It should also be noted that the southwestern bound of large slip in the Hyuga-Nada region was moved to around 32°N for the three sub-slip distributions in Figure 6. This is because Furumura et al. (2011) confirmed that the southwestern extension of the source area around 32°N is necessary for the reproduction of tsunami heights observed during the 1707 Hoei tsunami event along the eastern coast of Kyushu Island. Therefore, in this study, we focused on the effects of up-dip and down-dip extensions of the source region on tsunami height along the Pacific coasts and in the Seto Inland Sea region.
Results and discussion
Throughout this study, in assessing simulated tsunami heights, we added the crustal vertical deformation - due to the various earthquake scenarios - to the calculated tsunami height with respect to the level of seawater at rest. Thus, the coastal tsunami height was measured from the vertical position of the site that was moved by coseismic crustal deformation. Consequently, coastal subsidence due to coseismic crustal deformation increases tsunami height, whereas uplift acts to decrease coastal inundation.
Tsunami heights along the Pacific coastline of Kyushu region
First, we calculated the Pacific coastal tsunami heights from the two earthquake scenarios shown in Figure 3. The source area of the larger-earthquake scenario (Figure 3a) is comparable with that of the maximum-class Nankai Trough earthquake scenario of Cabinet Office (2012), although its magnitude (Mw = 9.03) is smaller (Mw > 9.1; Cabinet Office (2012)) because of the difference in the slip amount, especially at the up-dip end.

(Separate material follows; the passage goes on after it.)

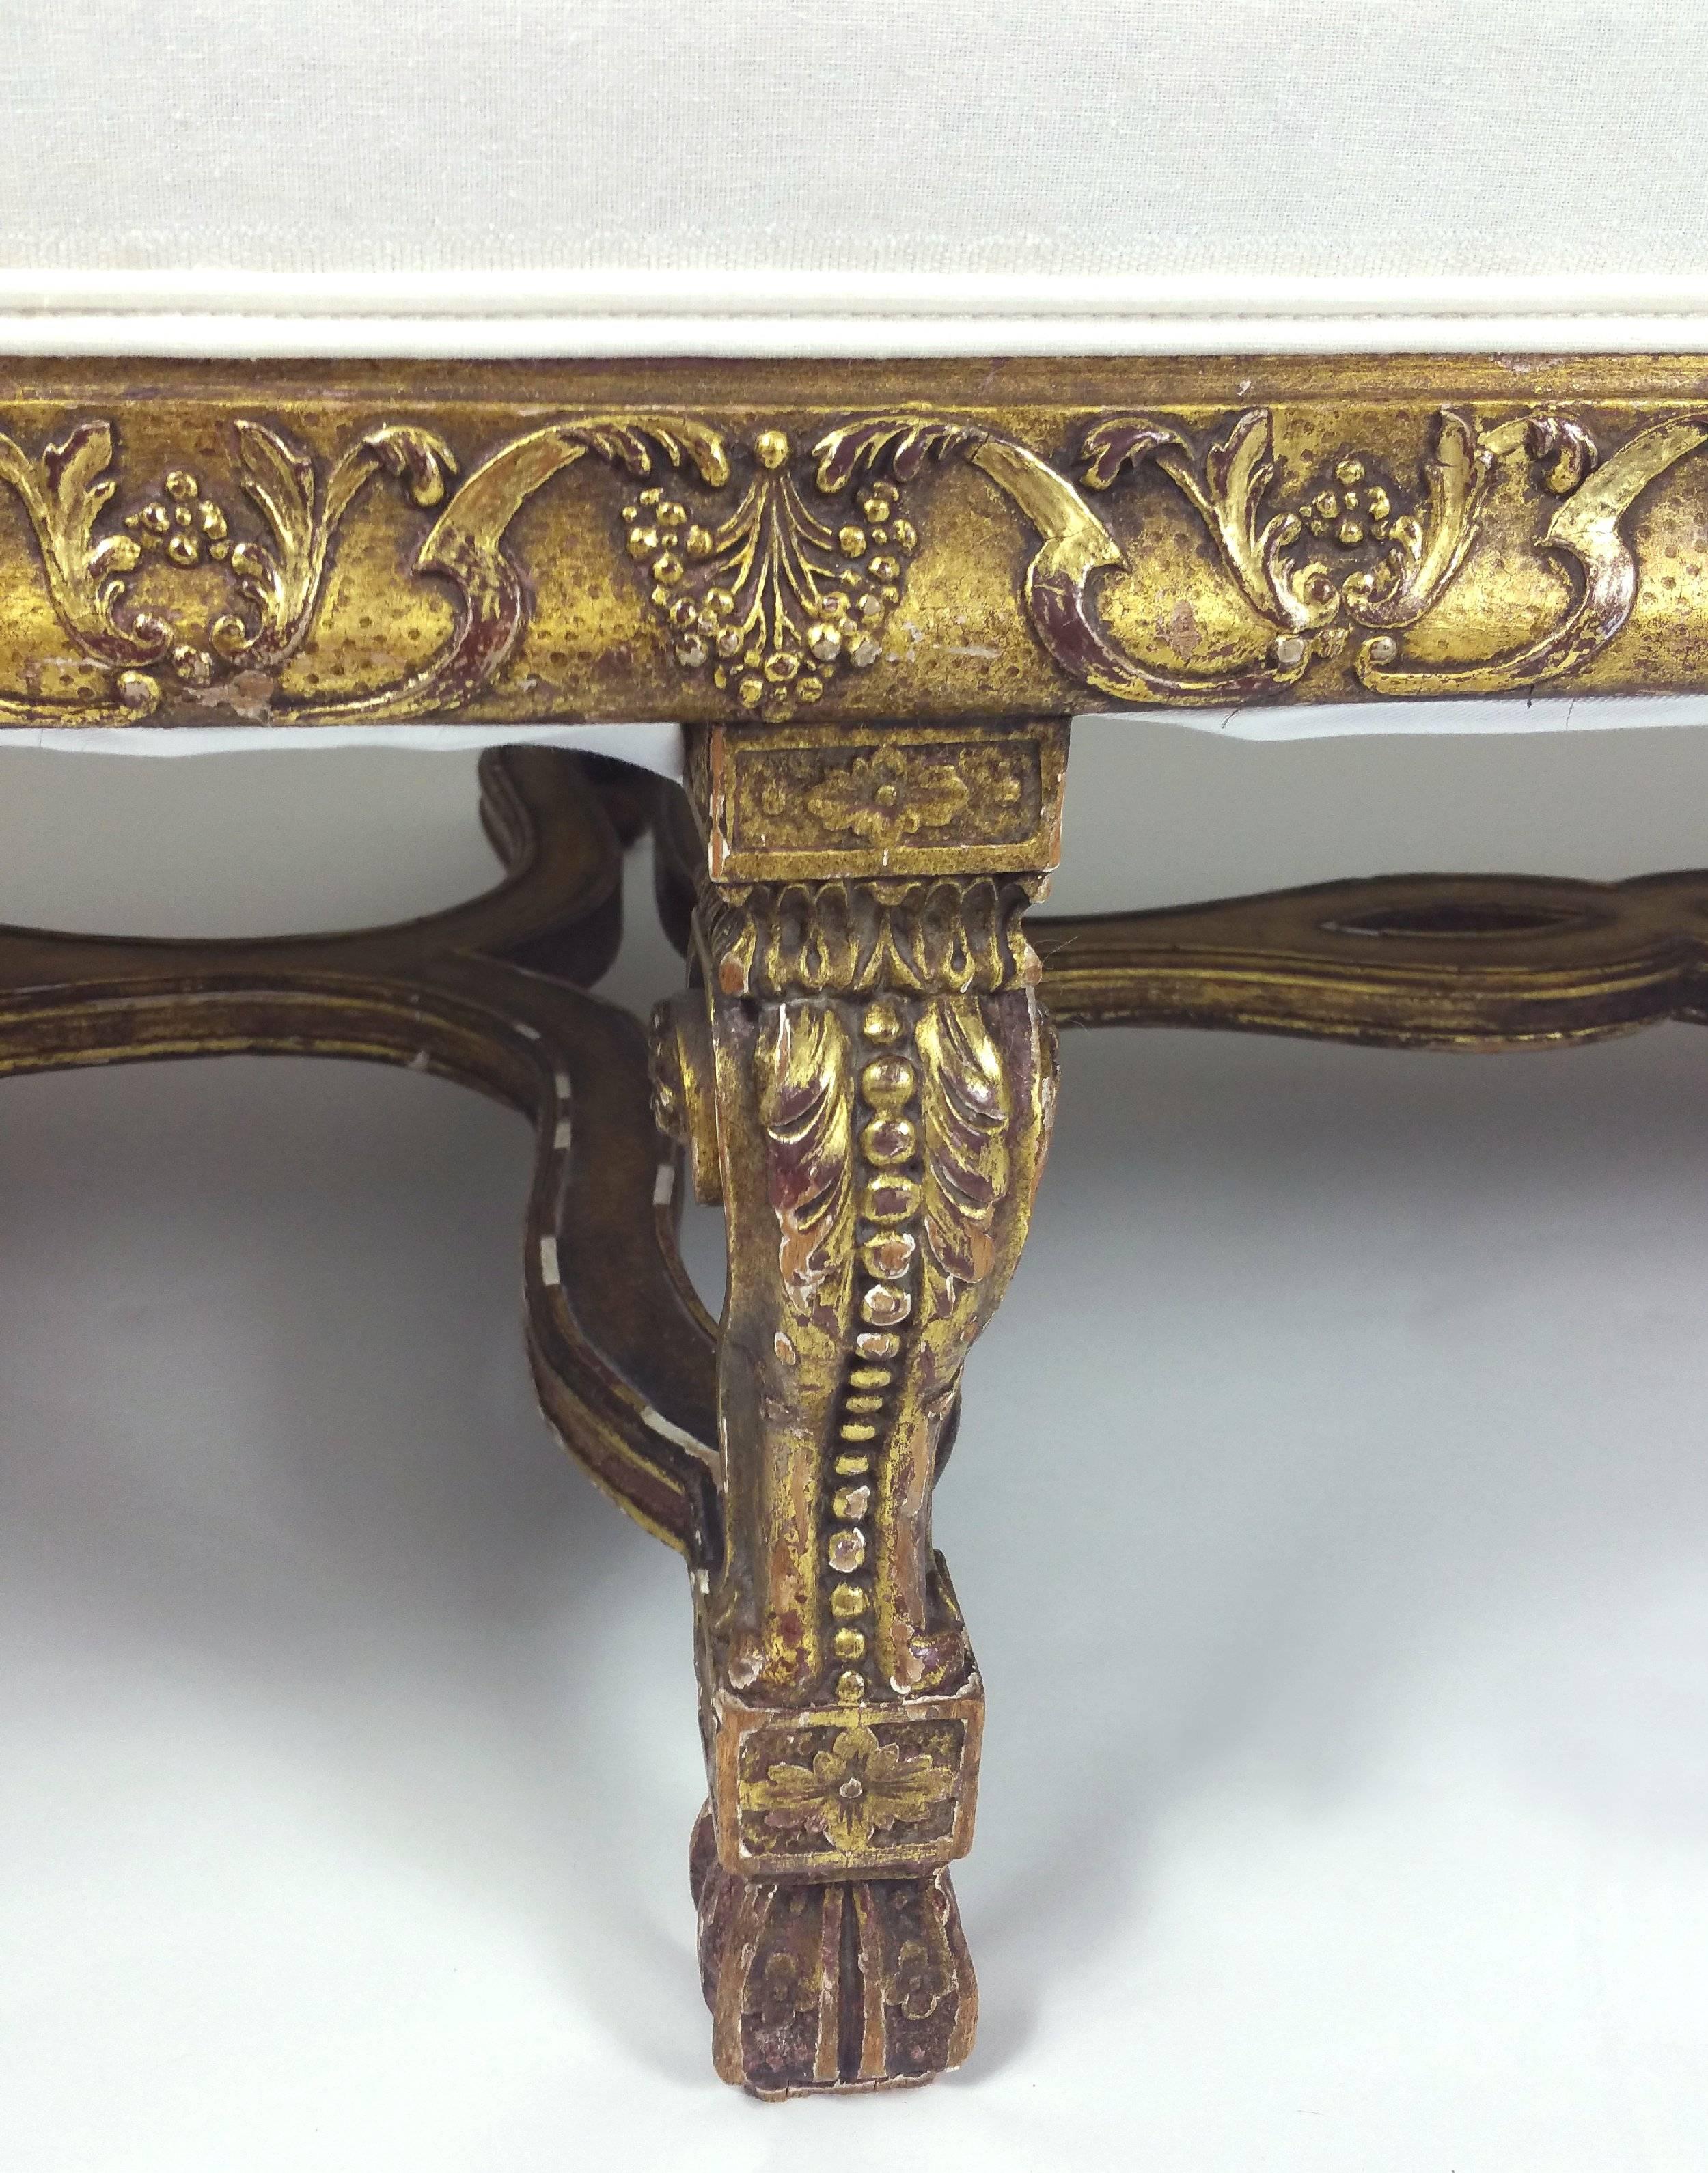 This superb and impressively sizes William and Mary styled carved giltwood settee features exaggerated, scrolled armrest ends and a pierced, shaped under tier. The detailed carving on the base of the seat runs around the entire settee including the

However, the magnitude of the smaller-earthquake scenario (Mw = 8.66; Figure 3b) is nearly identical to that of the previous maximum-class scenario, i.e., Mw = 8.7 (Central Disaster Prevention Council 2003).In Figure 7a, tsunami heights obtained from historical damage records from the 1707 Hoei tsunami event along the Pacific coast of the Kyushu region are plotted in orange, together with the maximum-height tsunami profiles resulting from the larger- and smaller-earthquake scenarios (plotted in black and gray, respectively). The maximum-height tsunami profile resulting from the larger-earthquake scenario is much higher than almost all those determined from historical damage records (Figure 7a). Conversely, the profiles resulting from sub-slip models 1, 2, and 3 (Figure 7b), assumed to have narrower source regions in the Hyuga-Nada region than the larger-earthquake scenario, all indicate nearly identical patterns to those obtained for the smaller-earthquake scenario (Figure 7a). Thus, the simulated tsunami heights due to the smaller-earthquake scenario and sub-slip models 1, 2, and 3 appear consistent with historical tsunami heights on the southern Pacific coast of Kyushu from Takanabe to Saiki, except for a few damaged sites. For northern damage sites along the Bungo Channel, the smaller-earthquake scenario and sub-slip model 3 are relatively consistent with historical tsunami heights.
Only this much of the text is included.